- DATA BLOCK:
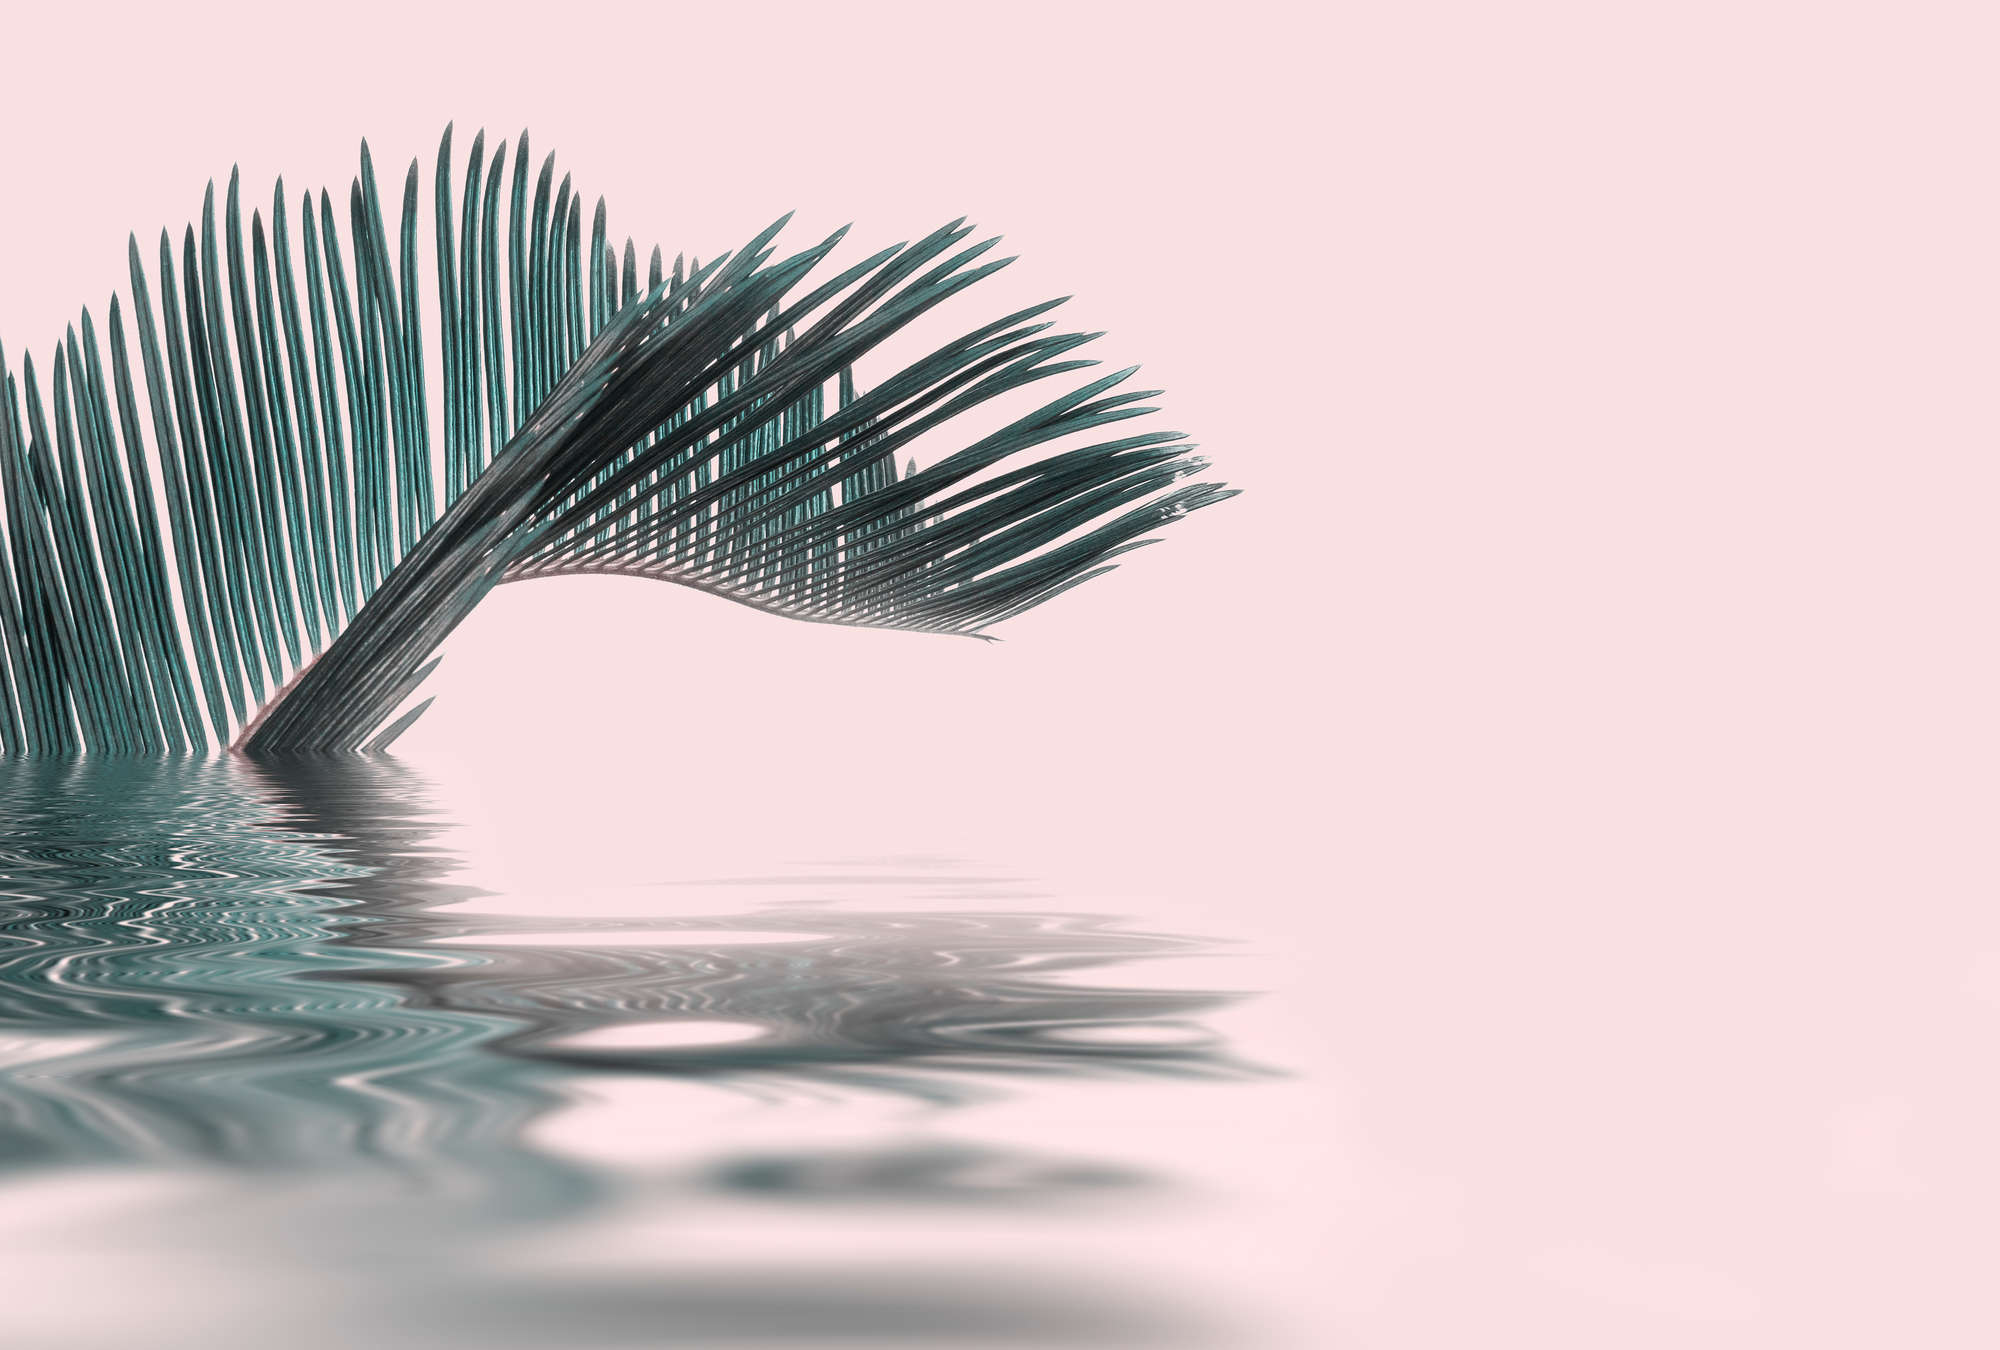             Fototapete Palmenblatt im Wasser – Grün & Rosa
        
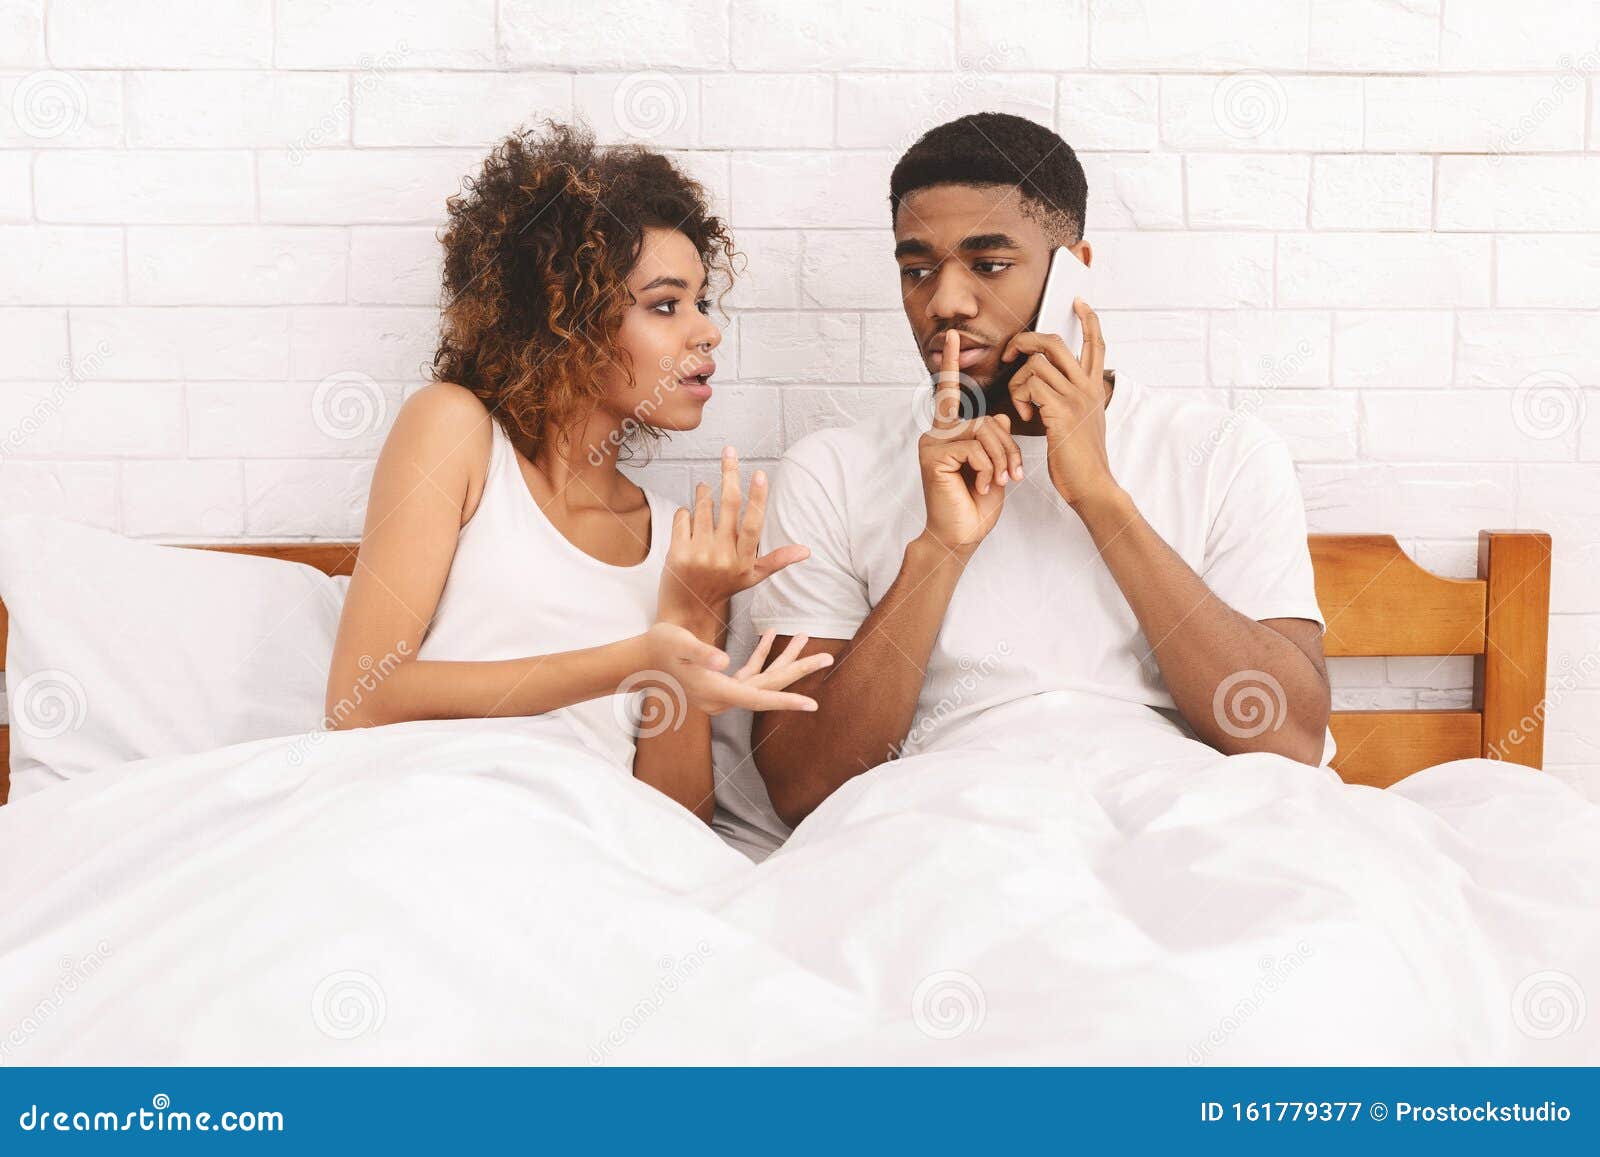 husband ignoring hot wife
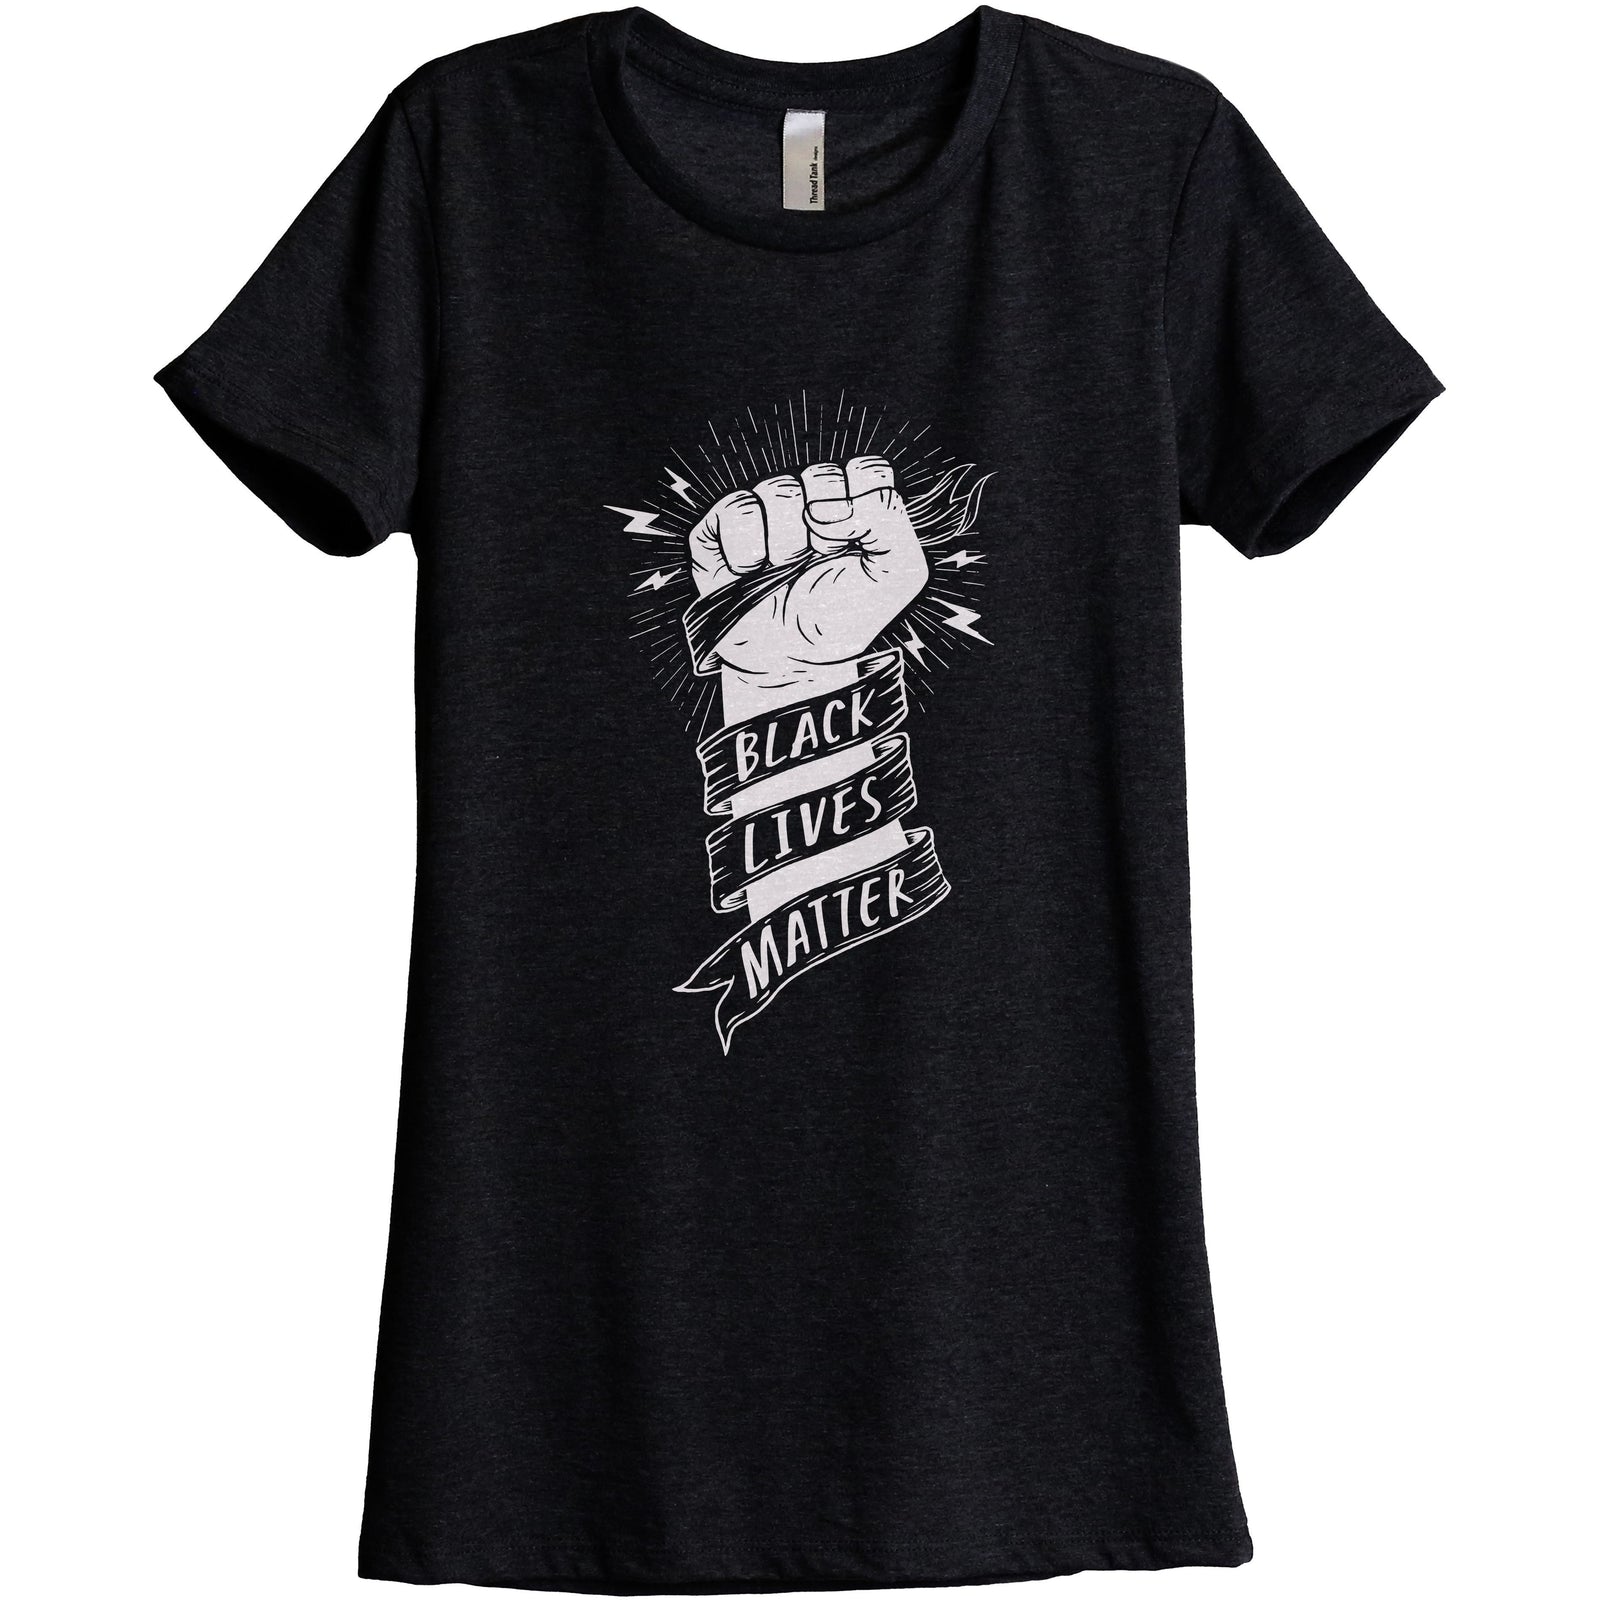 Black Lives Matter Women's Relaxed Crewneck T-Shirt Top Tee Charcoal Grey

- WHAT YOU HAVE TO DO: Your answer must be an exact copy of the lines from the one with "husband ignoring hot wife" through the final line of the data, both included, without any pictures.

- EXERCISE OUTPUT:
 husband ignoring hot wife
 Black Lives Matter Women's Relaxed Crewneck T-Shirt Top Tee Charcoal Grey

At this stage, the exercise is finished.